В биологии прокариот обычно описывает микроорганизм, у которого отсутствует отдельное мембраносвязанное ядро, а генетический материал которого содержится в одной молекуле ДНК. К ним относятся бактерии и археи.NCBI управляет конвейером аннотации генома прокариот — высокопроизводительной программной системой, предназначенной для анализа последовательностей генов этих микроорганизмов.

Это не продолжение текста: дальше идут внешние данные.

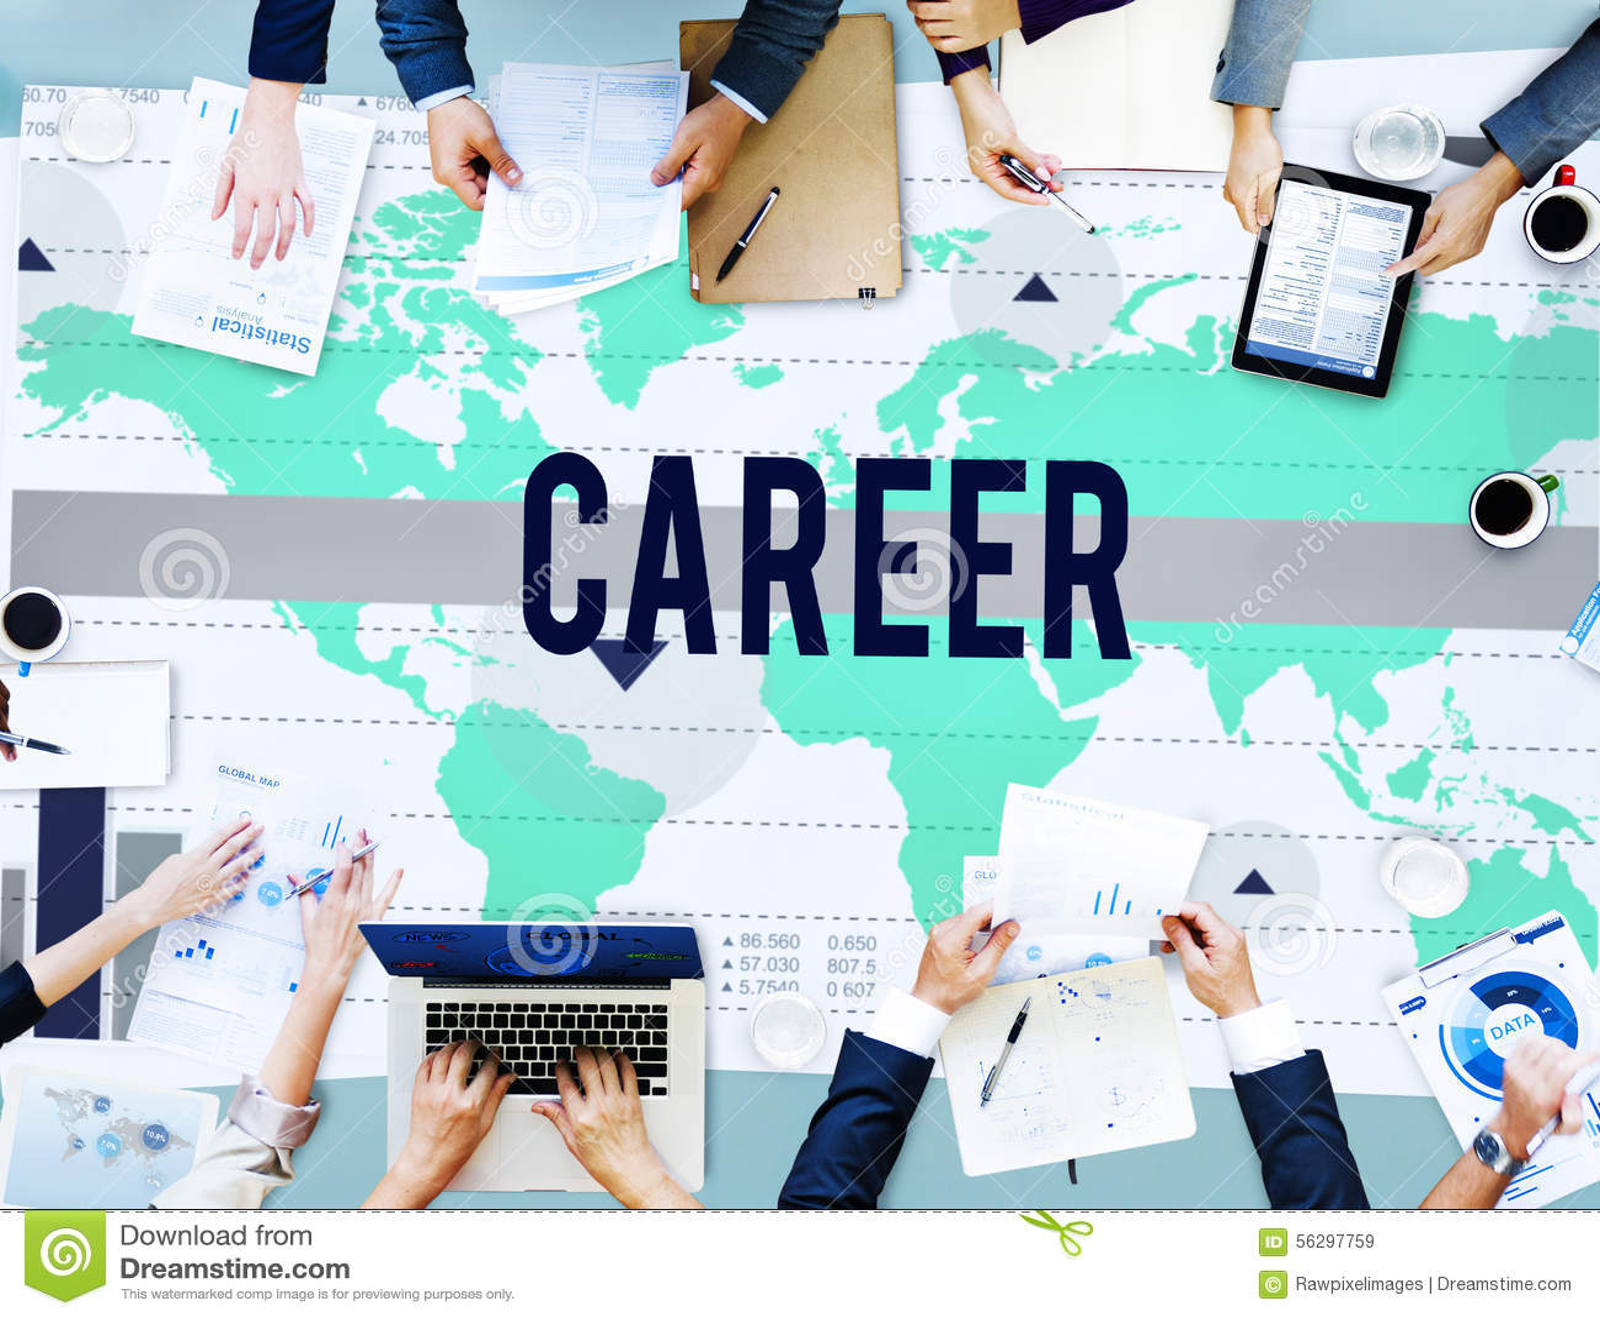 career job occupation business marketing concept stock photo career job occupation business marketing concept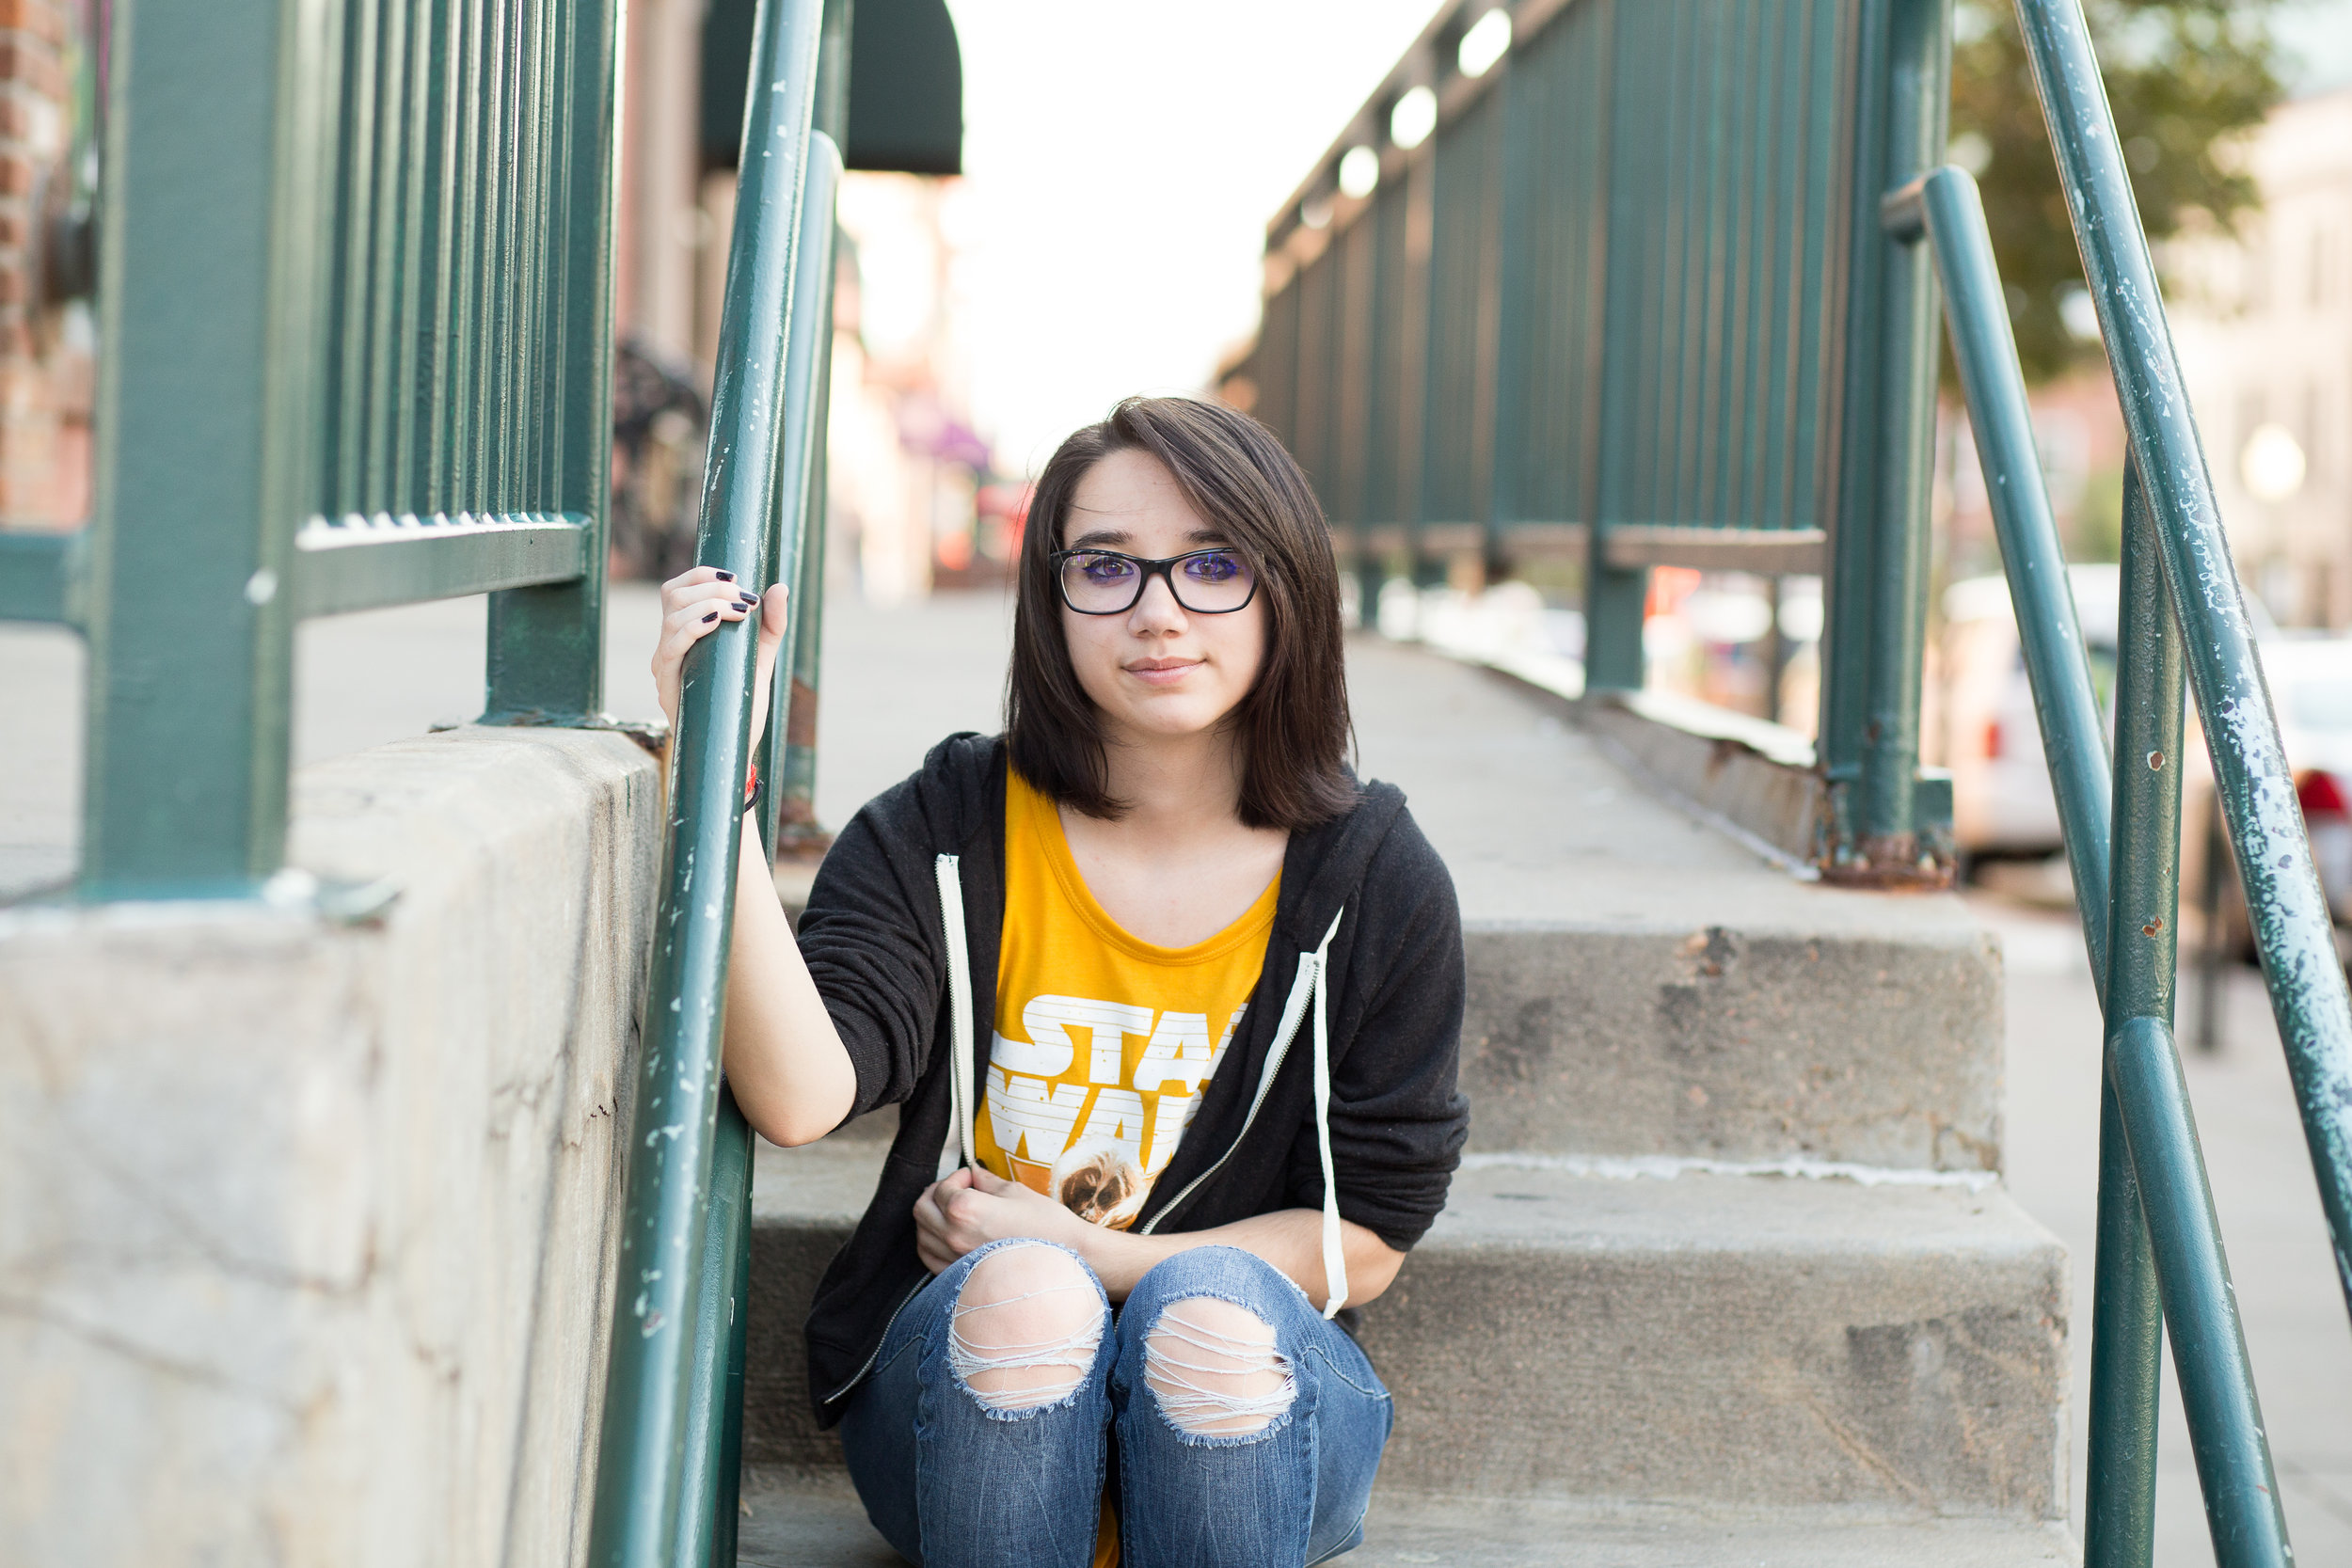 Colorado Springs Senior Photography | Colorado Springs Senior Photographer | Girl yellow shirt sitting on stairs for senior portraits | Stacy Carosa Photography

По мере того, как становится доступным все больше высококачественных геномов — а стоимость секвенирования продолжает падать — потребность в высокопроизводительных конвейерах анализа и аннотаций невозможно переоценить.Последним достижением стало то, что NCBI включил GeneMarkS + Технологического института Джорджии в систему PGAP. GeneMarkS +, разработанный командой Марка Бородовского из Технологического института Джорджии, представляет собой самообучающийся инструмент машинного обучения для идентификации новых генов, который может сочетать внутренние свидетельства, обнаруженные с помощью паттернов геномных последовательностей, с внешними свидетельствами, полученными из уже аннотированных геномов.«Новая система позволяет исследователям получать критически важный анализ, который последовательно объединяет информацию из всех источников доказательств почти в реальном времени, а не в днях и неделях», — сказал Бородовский, профессор Regents, одновременно работающий в Школе вычислительных наук и инженерии. и Департамент биомедицинской инженерии Коултера. «Наша группа рада быть частью всей команды, работающей над этим проектом с высокой международной известностью».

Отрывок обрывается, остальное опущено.